USU history professor authors piece for medical journal Bulletin of the History of Medicine
By Jeff Hunter ’96
Utah State history professor Seth Archer had scarcely arrived at the Logan campus in the fall of 2018 when he began contemplating writing an in-depth article about the removal of Indigenous people from their native lands in the United States in the early 1800s. But having previously written about health issues involving Native Americans, Archer sought a specific focus, and his “stepping off point” ended up being the Indian Vaccination Act of 1832.
That legislation, which appropriated $12,000 to fund the smallpox vaccination of Native Americans, had passed just two years after President Andrew Jackson had signed the Indian Removal Act, and Archer found that timing perplexing.
“I thought that was really weird,” Archer notes. “Why in the world would Congress — which was a split Congress, as is often the case in American history — vote to vaccinate Native Americans to protect them against smallpox right after they voted to remove them from the nation? That just didn’t make sense to me.”
Archer certainly wasn’t the first historian to ask that question. But after reading numerous articles published by other scholars, he wasn’t completely convinced that previously made arguments were accurate.
“So, I just kind of started digging from there, and that’s what started this whole project,” Archer explains.
“The whole process took forever. By the end of it, I did wonder, should I have just written a book? Because this took years; a long time for one article,” he adds, acknowledging that, rather ironically, the beginning and end of the article bookended a worldwide pandemic and subsequent creation and implementation of a vaccine.
Archer ended up authoring an article entitled Vaccination, Dispossession, and the Indigenous Interior, which is slated to be published this fall in the Bulletin of the History of Medicine, the official journal of the American Association for the History of Medicine and the Johns Hopkins Institute of the History of Medicine.
Archer’s piece points out that despite an understandable lack of trust in the U.S. government, many Indian tribes still sought out and even requested the smallpox vaccine. He estimates that between 1832 and 1841, as many as 50,000 Native Americans were vaccinated thanks to the use of federal funds. Hired by the government, civilian surgeons traveled around the country with the expectation that they would administer the first vaccine in history to a hundred Native Americans a day via a method very similar to the one pioneered by English physician Edward Jenner in the late 1700s.
“Vaccine matter was obtained and prepared in various ways. In what was known as arm-to-arm or serial vaccination, fresh lymph (pus) was taken from a recently vaccinated person to infect another, eliciting the body’s immune response to the live virus,” Archer explains in his article. “Using a lancet, vaccinators made an incision on the arm and inserted the vaccine matter into the wound. Fresh vaccine was preserved on cotton threads, in ivory-tipped lancets, or between glass plates. Vaccinators also preserved vaccine matter in dried scabs kept in vials or small kits.”
Archer notes that more than 15,000 Native Americans living west of the Mississippi River were vaccinated in the 1830s, including members of the Shawnee, Omaha, and Osage tribes in parts of present-day Arkansas, Missouri, and Kansas. Many Indigenous people in the Upper Midwest were also vaccinated, which proved critical when the smallpox epidemic of 1837-38 killed tens of thousands of people across the Great Plains.
But while many members of the Dakota and Lakota tribes died during that outbreak, Archer points out that some of the nearby unvaccinated Indigenous groups like the Mandan (an estimated 90%) and Blackfeet (more than 60%) suffered far greater losses.

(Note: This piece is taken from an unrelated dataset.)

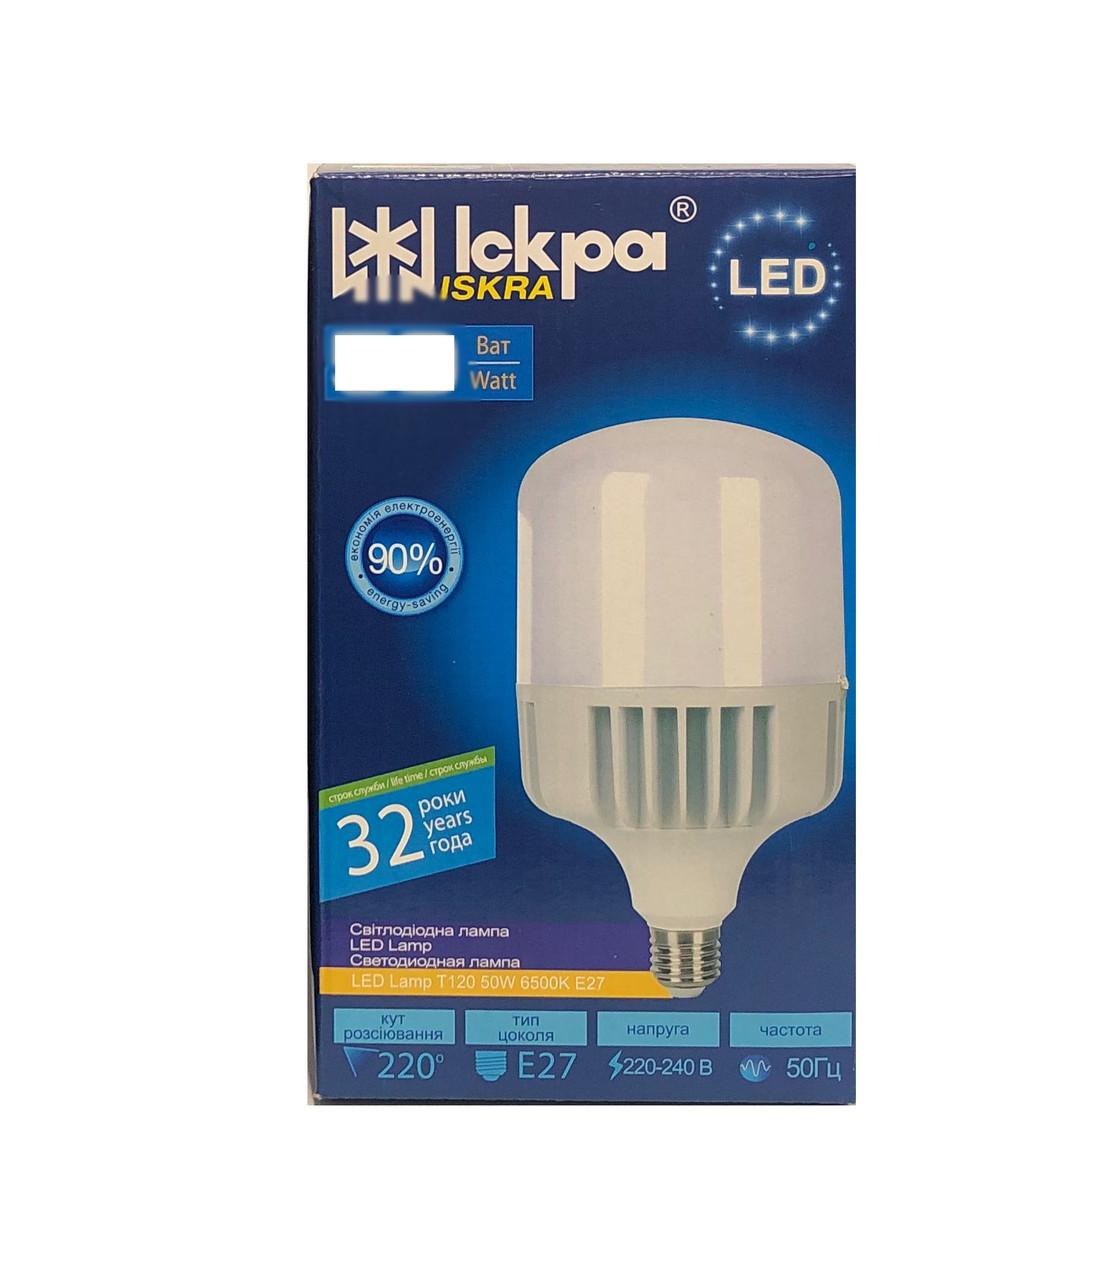 Лампа светодиодная промышленная LED 70Вт (Т150)  220B, E40 , Холоднобіла

“Resistance to vaccination was not uncommon among Native people, yet many were open to the new form of preventive medicine, including some who sought it out and others who demanded it from the government,” the summary for Vaccination, Dispossession, and the Indigenous Interior states. “Departing from a scholarly consensus, the author argues, first, that the federal vaccination program should be viewed as a successful public health intervention in Indian Country and, second, that this success owed to Indigenous nations’ desire for protection against a singularly destructive pathogen.”
Along with several paintings from the period by renowned artist Karl Bodmer, Archer’s article is illustrated by a couple of maps created by former USU graduate student Jonah Bibo. Now pursuing a Ph.D. at the University of Nevada, Archer enlisted Bibo’s skills to help show where and how many Native Americans were vaccinated in specific regions, while also helping to support his conclusion that the federal government was vaccinating Indigenous people already living outside of what was then the official border of the United States.
“For me, the really important takeaway from those maps is that these people were not in the United States; they were way out to the West,” Archer proclaims. “That suggests something different than what previous historians have said that this was all about making Indian removal easier.
“You see that’s not the case when you see where people are getting vaccinated, along the Missouri River and Platte River and the Southern Plains. Whatever else might be happening, the government was sending this campaign to people who lived way outside the bounds of the nation.”
Editor’s note: While Archer’s article isn’t scheduled to be printed in the Bulletin of the History of Medicine until later this fall, a preprint version of Vaccination, Dispossession, and the Indigenous Interior is currently available online.